Ten years since the formation of the guerrilla groups and four years since the start of open warfare between the Tamils and the government the Sri Lankan economy is in a parlous state. Export earnings have plummeted, tourism is in ruins, the military budget is crippling; indebtedness to the world’s banks has mushroomed as a consequence.

Through the accord the Indian government hoped to:
(i) forestall the complete victory of the Tamil separatists and prevent the creation of Tamil Eelam which would be an encouragement to nationalists in India to attempt secession.
(ii) end the attempt by the Sinhalese government to impose a purely military solution on the Tamil struggle and force Jayawardene to recognise the need for apolitical settlement which, while making some concessions on local autonomy, preserves the unitary state.
(iii) restore a ‘favourable investment climate’ for imperialism.
(iv) increase Indian hegemony over Sri Lanka and displace the influence of Pakistan.

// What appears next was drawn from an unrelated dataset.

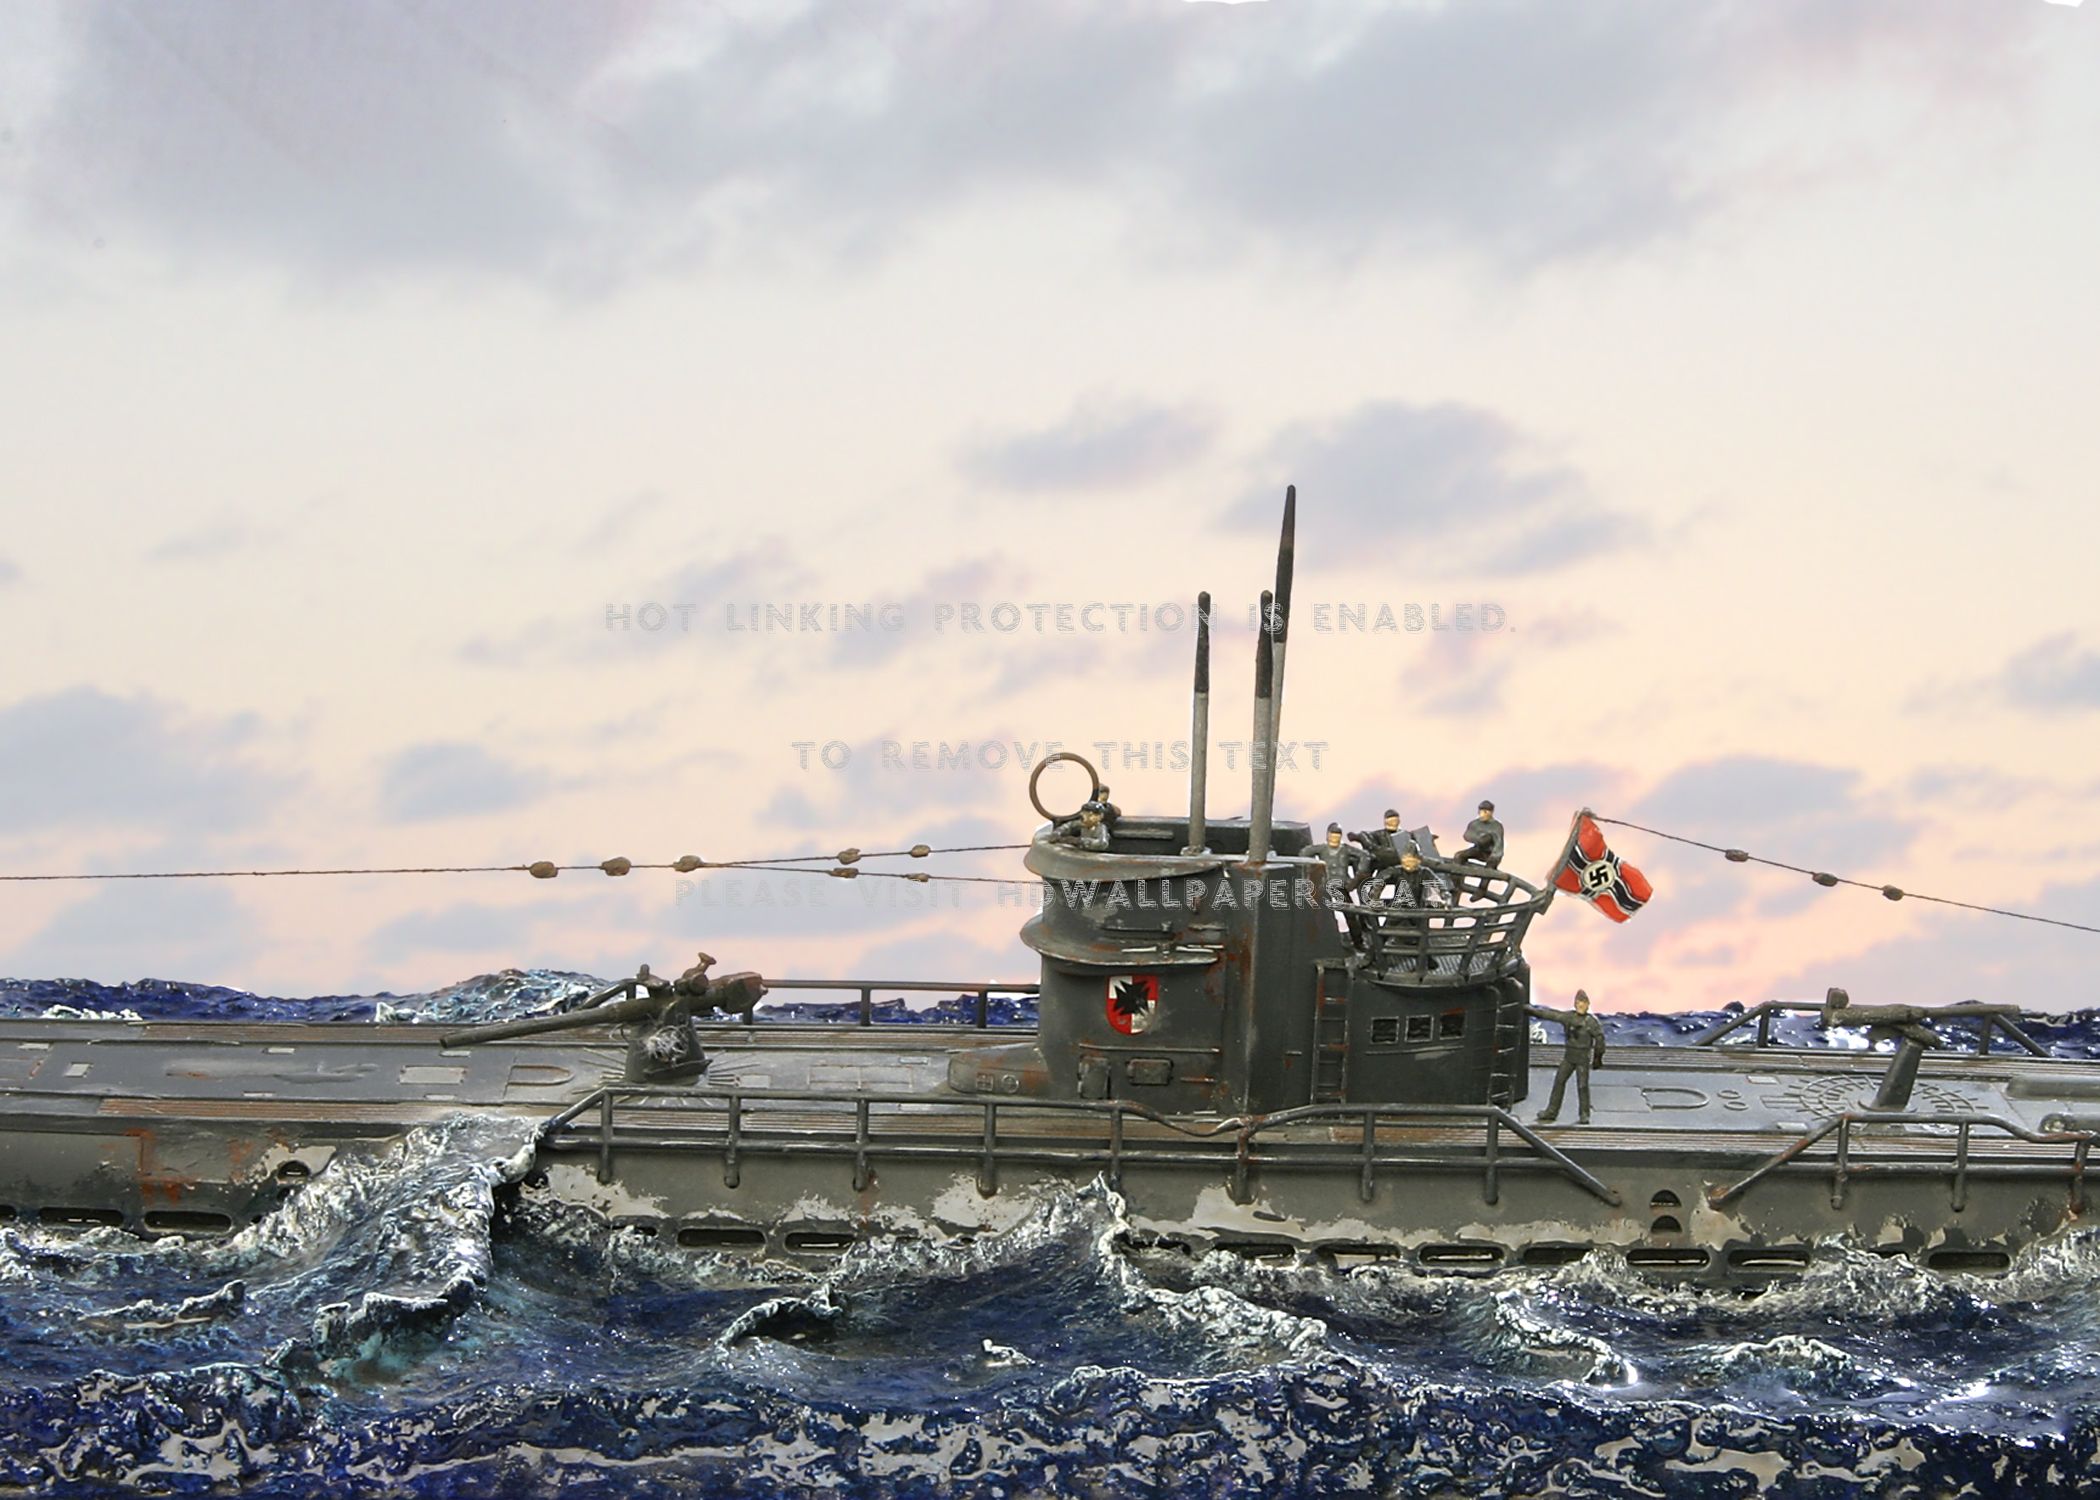 U Boat Test Military Art Ww2

2. The Tamil Tigers (LTTE the main guerrilla force) were not party to the accord, nor consulted about it. Nor, on the other hand, did they openly denounce it, initially placing their trust in the good offices of the Indian bourgeoisie. The Tigers hoped to effectively use the accord to their advantage by retaining their arms and maintaining geographical control of the peninsula. In this way they believed it was possible to use the provincial autonomy proposals as a means of furthering their struggle. Once this became clear the Indian and Sri Lankan governments decided on a military offensive.

The Tigers’ control of the administration of large parts of the Jaffna peninsula has been effectively ended, but the Tigers have not been decisively crushed. Rather they have retreated to regroup and continue their guerrilla struggle at a lower level.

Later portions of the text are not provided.